We're at it again this week. Brian started chemo yesterday. His appointment wasn't until 1:30 PM, so we did some school work in the morning. (Typically we don't do too much during a chemo week.) While I was working with Ansley and William, Brian and Liv were drawing and coloring. I took a picture of Brian's art work because it made me super sad. He spent the entire morning consumed with thoughts of chemotherapy. The picture on the left is Brian sitting on the hospital bed playing with the iPad. The picture on the right is the pump on a pole. The huge thing coming out of the pole on the right side is the tubing that attaches to Brian. He drew it huge because, in his mind, lots of medicine goes into him.

 

 

But you can see, even though he was describing chemo and saying, "I'm scared", he has a huge smile on his face. He's such a sweet boy!

Yesterday was draining. Brian fought a bunch more than typical and he cried and screamed. We ended up having to physically restrain him. Brian has a look of terror and disappointment right after his port is accessed that just crushes us.
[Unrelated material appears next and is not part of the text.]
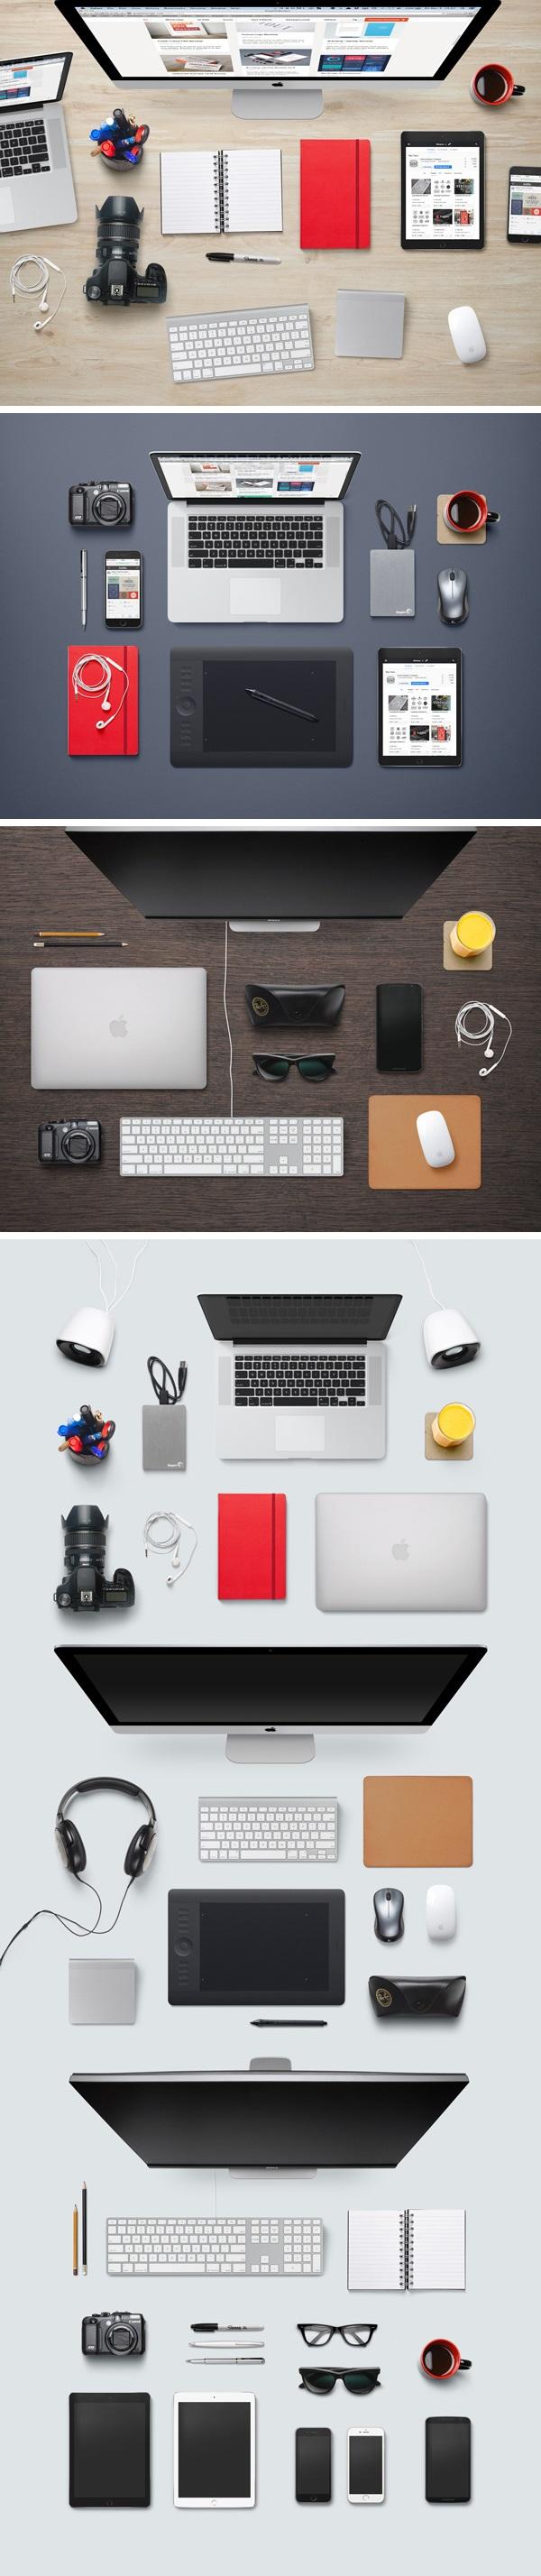 crear escenarios de escritorios

Please pray for Brian this week as he receives his chemo treatments. We pray every day that these treatments and this protocol would work. 

Indiana Jones

 

Brian LOVES Legos and gets fixed on one set. He plays with that theme over and over all day long. He uses all the Legos that he and William share to build whatever the story may be for his favorite theme. Brian has loved Indiana Jones since February. In fact when he was interviewed for his Make A Wish trip he said he wanted to meet Indiana Jones. They granted his wish and Brian had a great experience. (I still need to post all the pics). I was reminded to post the following picture of Brian and Indiana Jones when I found this drawing on my computer desk last week. Our kids draw pictures everyday and everyone is their new favorite. But this one, yes, this one IS a new favorite.  Brian drew Indiana Jones.

 

 

Brian and Indiana Jones.

When Indiana Jones found out Brian was on his Make A Wish Trip he gave Brian a hat. It's special, you can't go buy it in the gift shop. It is the hat the actor wears in the stunt show. Brian felt like a king. It was great. So of course for Brian's birthday he wanted Indiana Jones Legos. We searched and realized they no longer sell them in the stores. We had to search on E-bay and my, oh my, are they pricey. I must say though, he is one sweet and grateful boy.

Chemo Calendar

This is Brian's second September calendar. The hurricane kinda messed up his schedule. Remember I said he would be having chemo next week? Well, scratch that. He will have it the week of October the first. If you remember we even asked why they were scheduling Brian with a two week break instead of the usual three. Anywho...we got a call that somehow the scheduling was overlooked and he was pushed back to the week of October 1st. So, here are Brian's chemo calendars for Sept. and October.

 

All is Well

 Thanks for praying for Brian last week. He did get sick on day two (as always), however, we didn't have to go to the ER. That's a huge blessing.
   We had our AC on our van repaired. We are so thankful that Fred knows a good mechanic that we trust.  We aren't out an outrageous amount of money. I am pretty sure he gave us a break on labor costs because he ended up having to repair a part he replaced last summer. The warranty expired at 12 months, but the mechanic still felt bad that it went out so quickly. Very awesome. God provides.
    Brian's counts will drop over this coming week and a half. Instead of having three weeks to recover he will only have two. I guess they are trying to get him back on track after missing a week b/c of the hurricane. Plus, if they didn't try to "make that time up" he would be due to receive chemo the week of Christmas. That's not cool, so we are thankful that they are looking at things like that. We are concerned about his little body so please pray that he is able to handle chemo sooner than his body is used to.
  All is well in the Schreiber house. Thank you for loving us and praying for us.



Here are some cute pictures of Mr. Brian and his bestie and older brother, William.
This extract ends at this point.